As consumers and businesses can create a potential threat of cyber crimes, fishing in the past few years to the spread, the deceptive tricks are endless. The current downturn in the economic form, but also provides a breeding ground for fish, there has been the use of new social engineering to fraud without the knowledge of the phenomenon of consumers and business users.

First, fishing without boundaries

Fishing - to lure computer users to provide sensitive information, identity theft and business data - on both businesses and consumers a very real threat.
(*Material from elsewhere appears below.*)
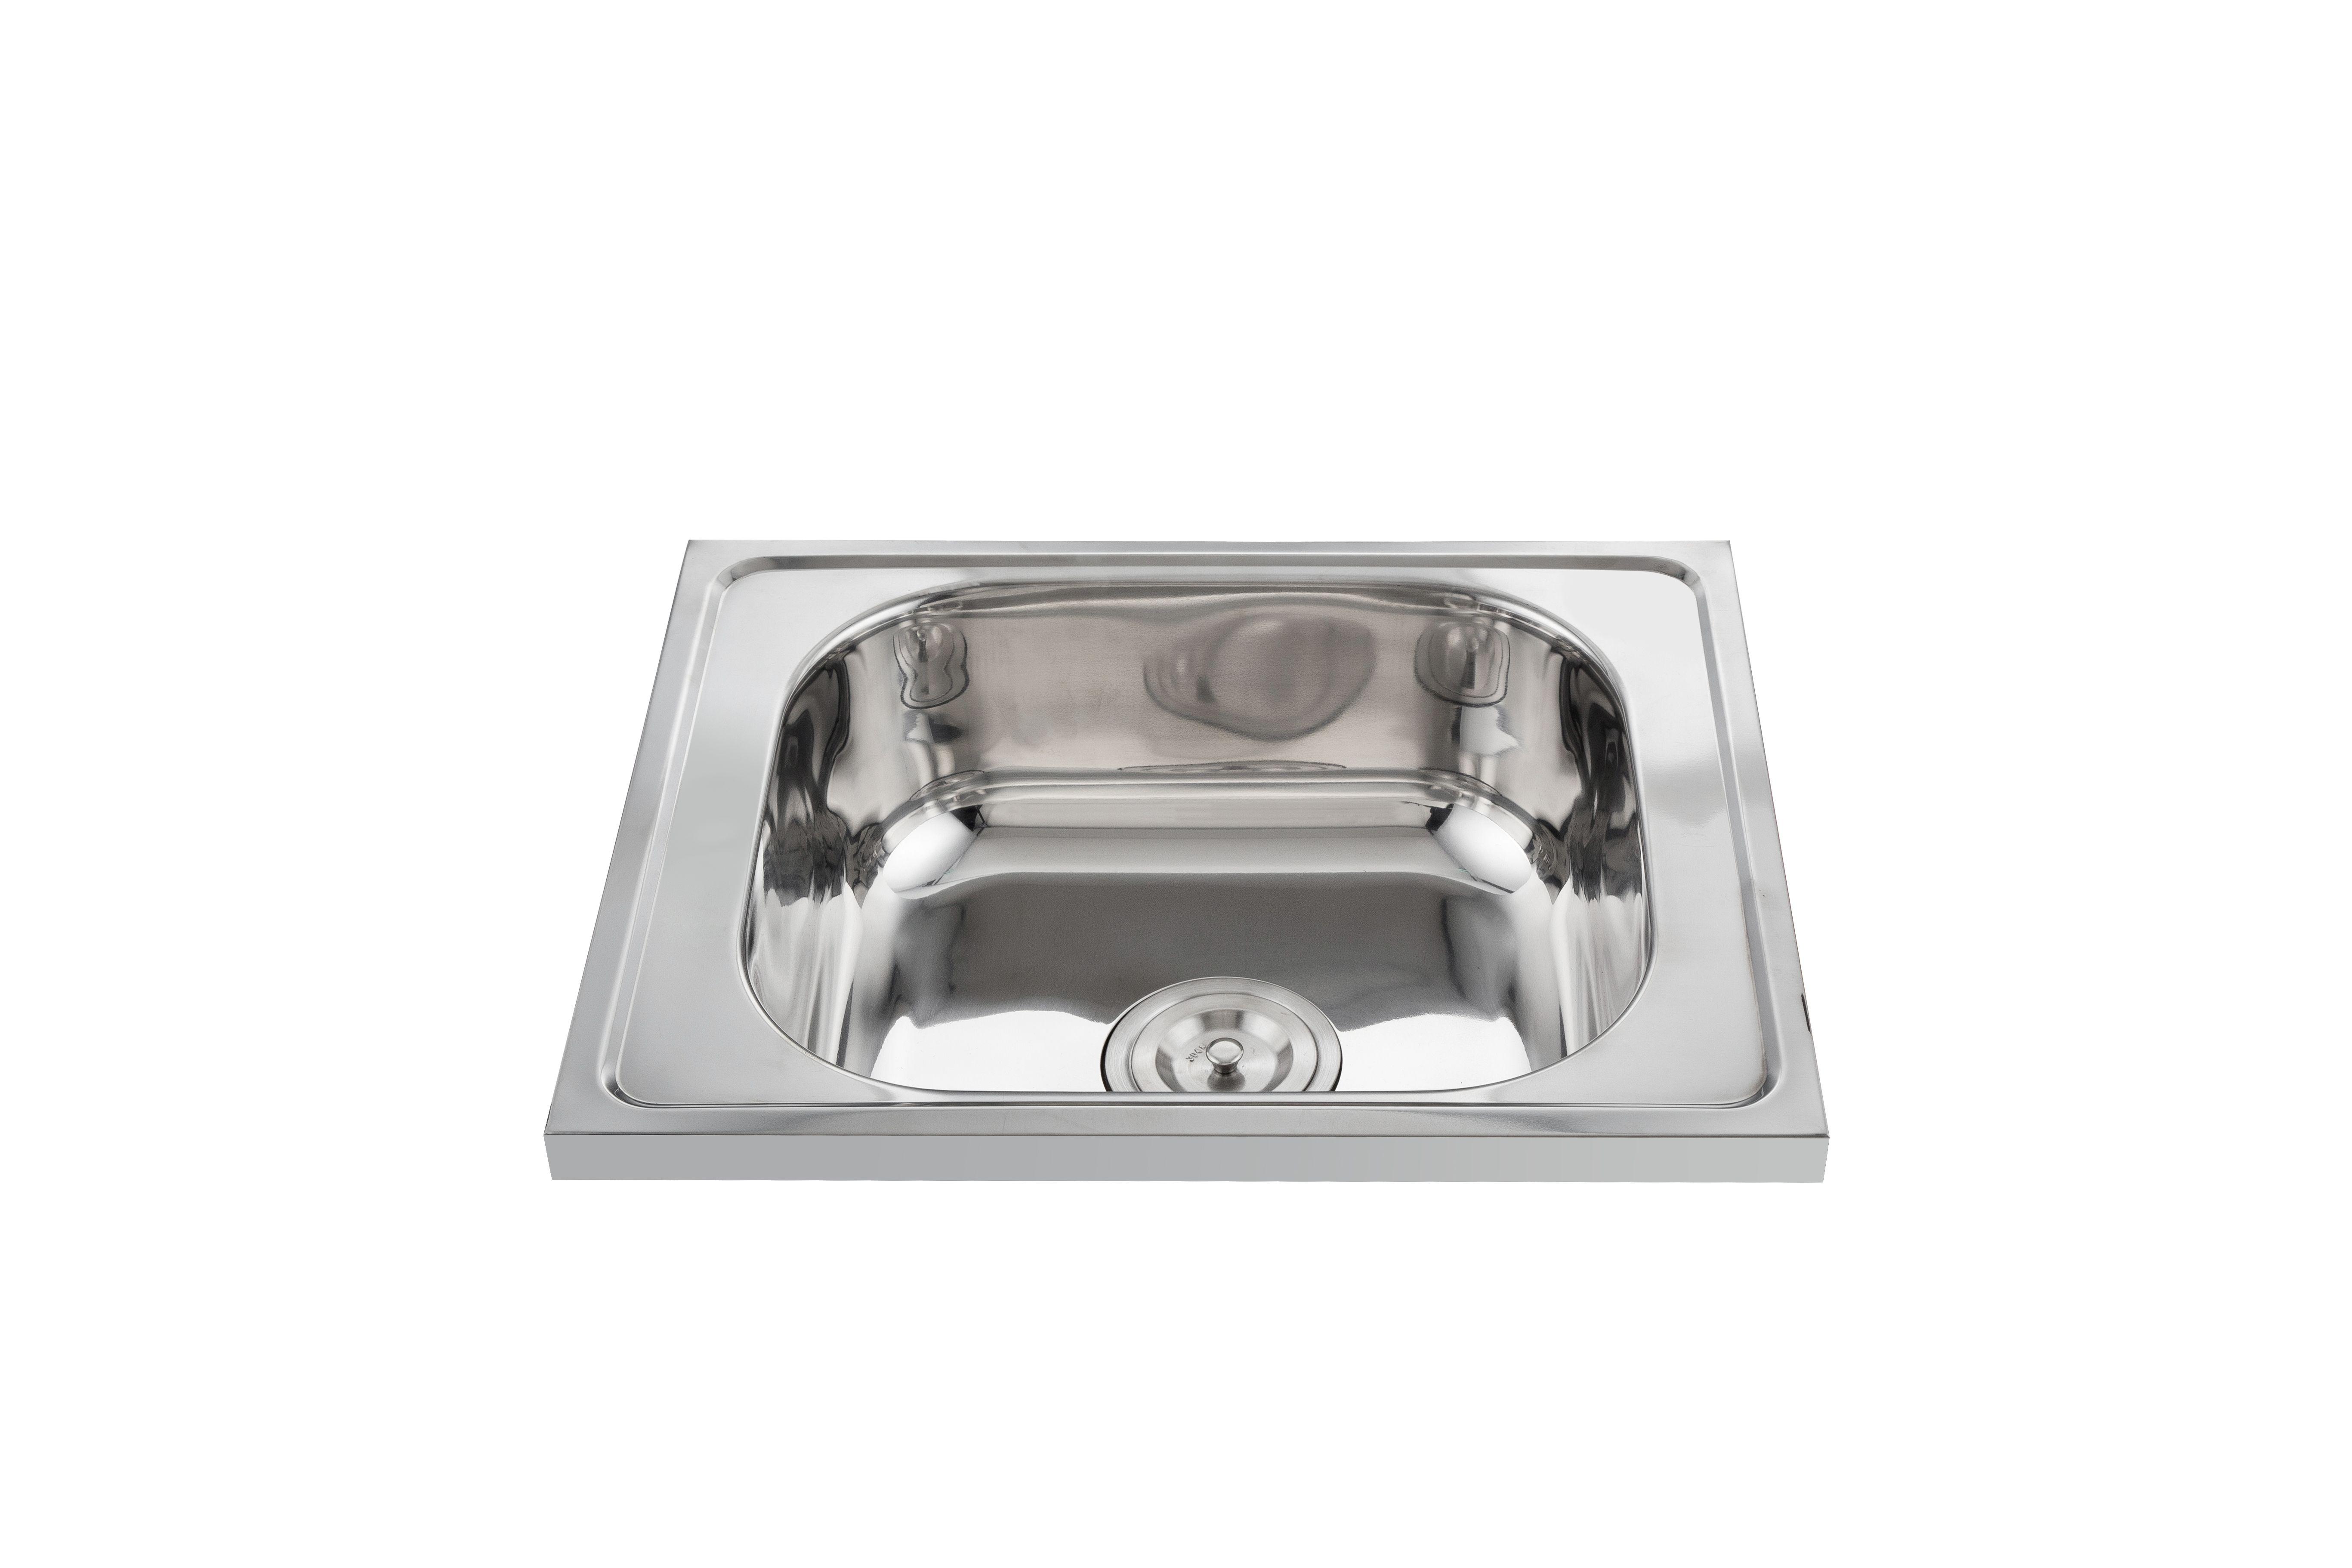 Sink Factory Sink Manufacturer Stainless Steel Sink Kitchen Sink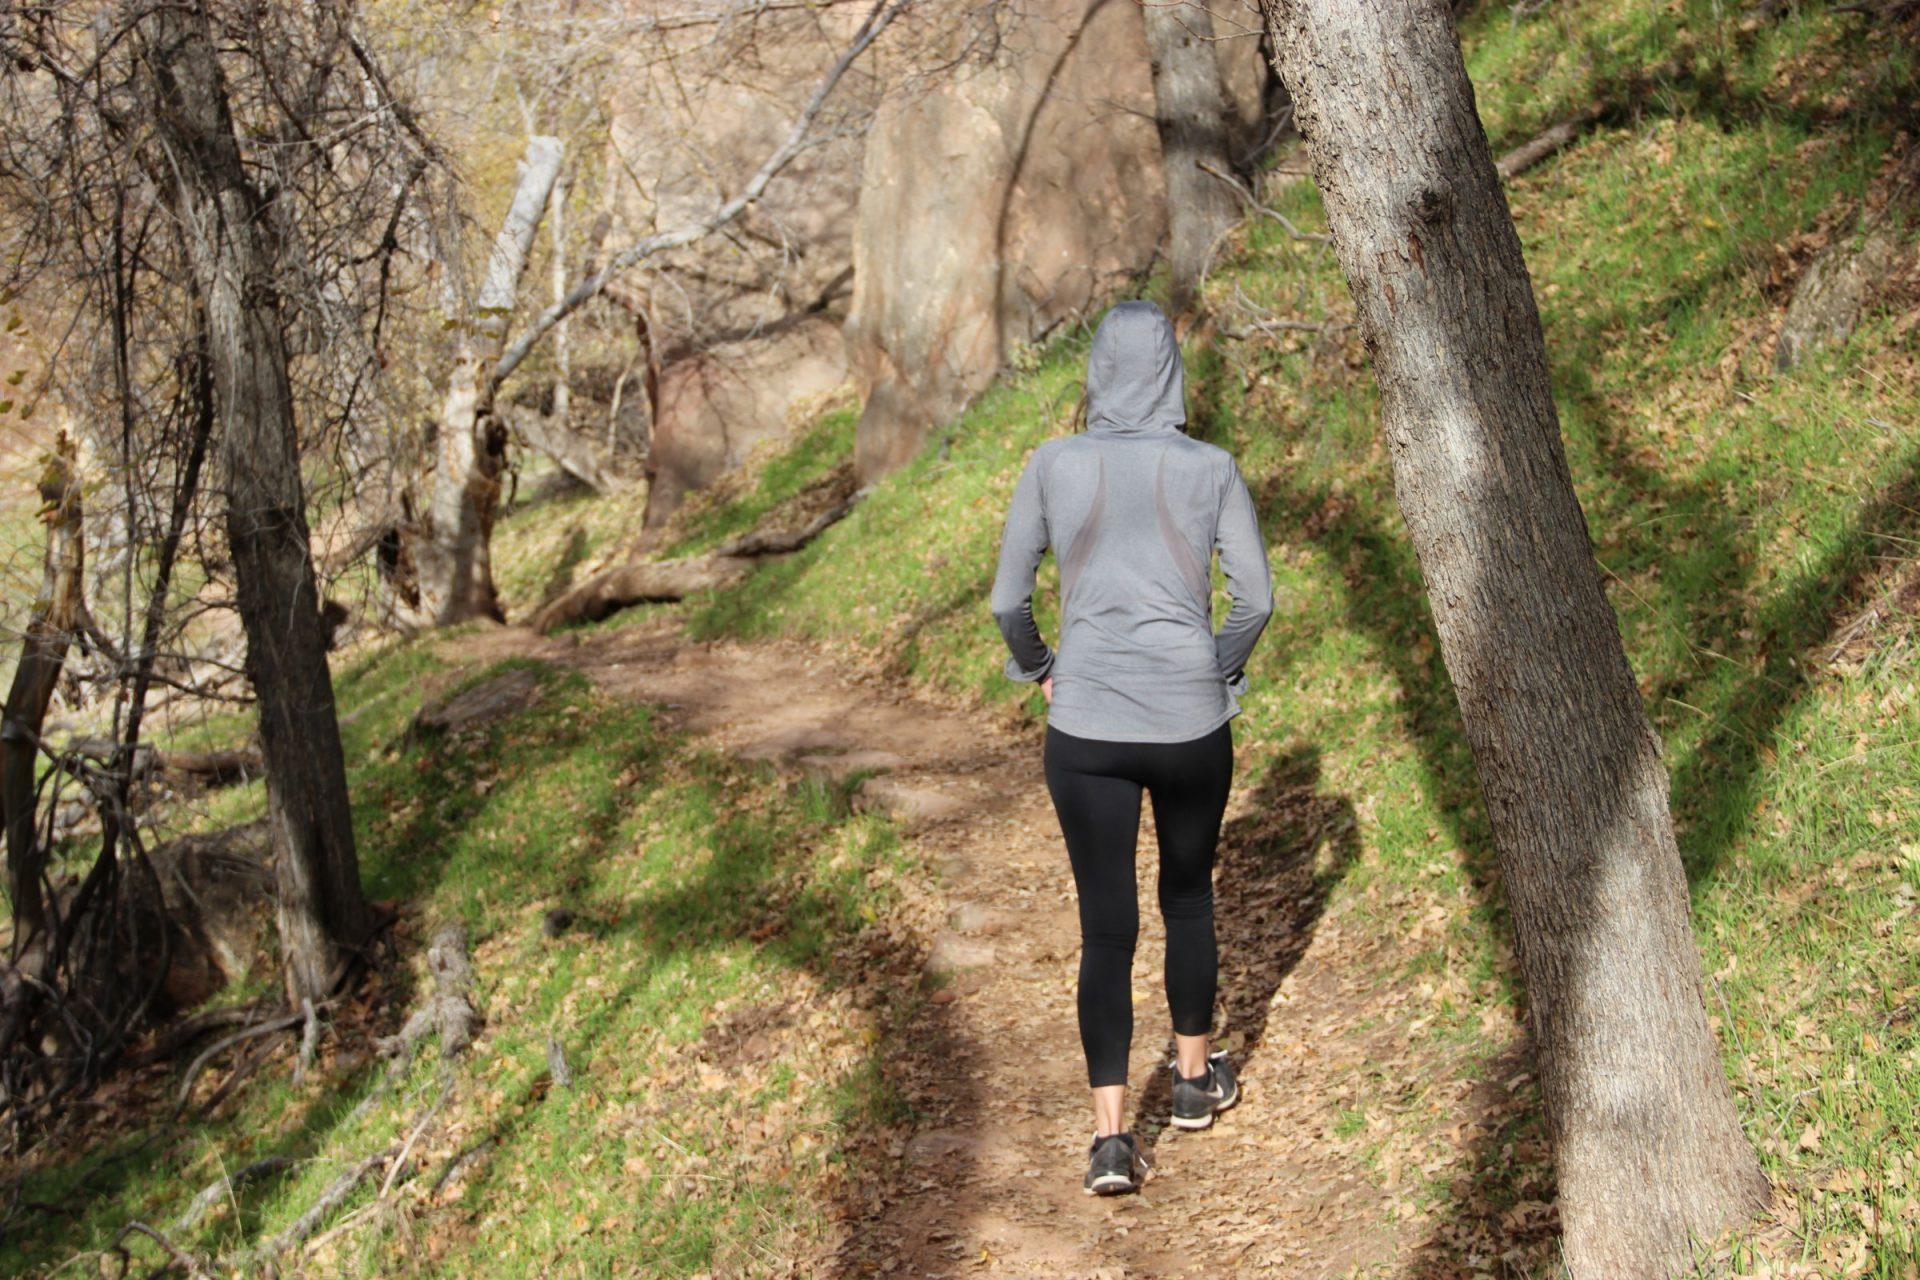 Woman in Hoodie & Yoga Pants Walking in Nature

In the past 10 the next year, the infiltration fishing, fishing in the daily attacks around the world, about 8 million times.




Anti-Phishing Working Group (APWG) reported that, in the second quarter of 2008, light phishing attacks rose by 13%, more than 28,000 times. It also reported that, in the same period, the infected computers to steal the password code, can be used to spread malicious software has been broken on the website 9500 - compared with the same period in 2007, an increase of 258%. Figure 1 shows the fishing - spear phishing in the 16 months of growth.

Second, beware of the latest phishing scheme

* Spear phishing (spear phishing)

Spear phishing attacks only against specific targets, usually the object lock is not a general person, but to a specific company, organization members, such as well-known banks, financial companies and their executives and so on.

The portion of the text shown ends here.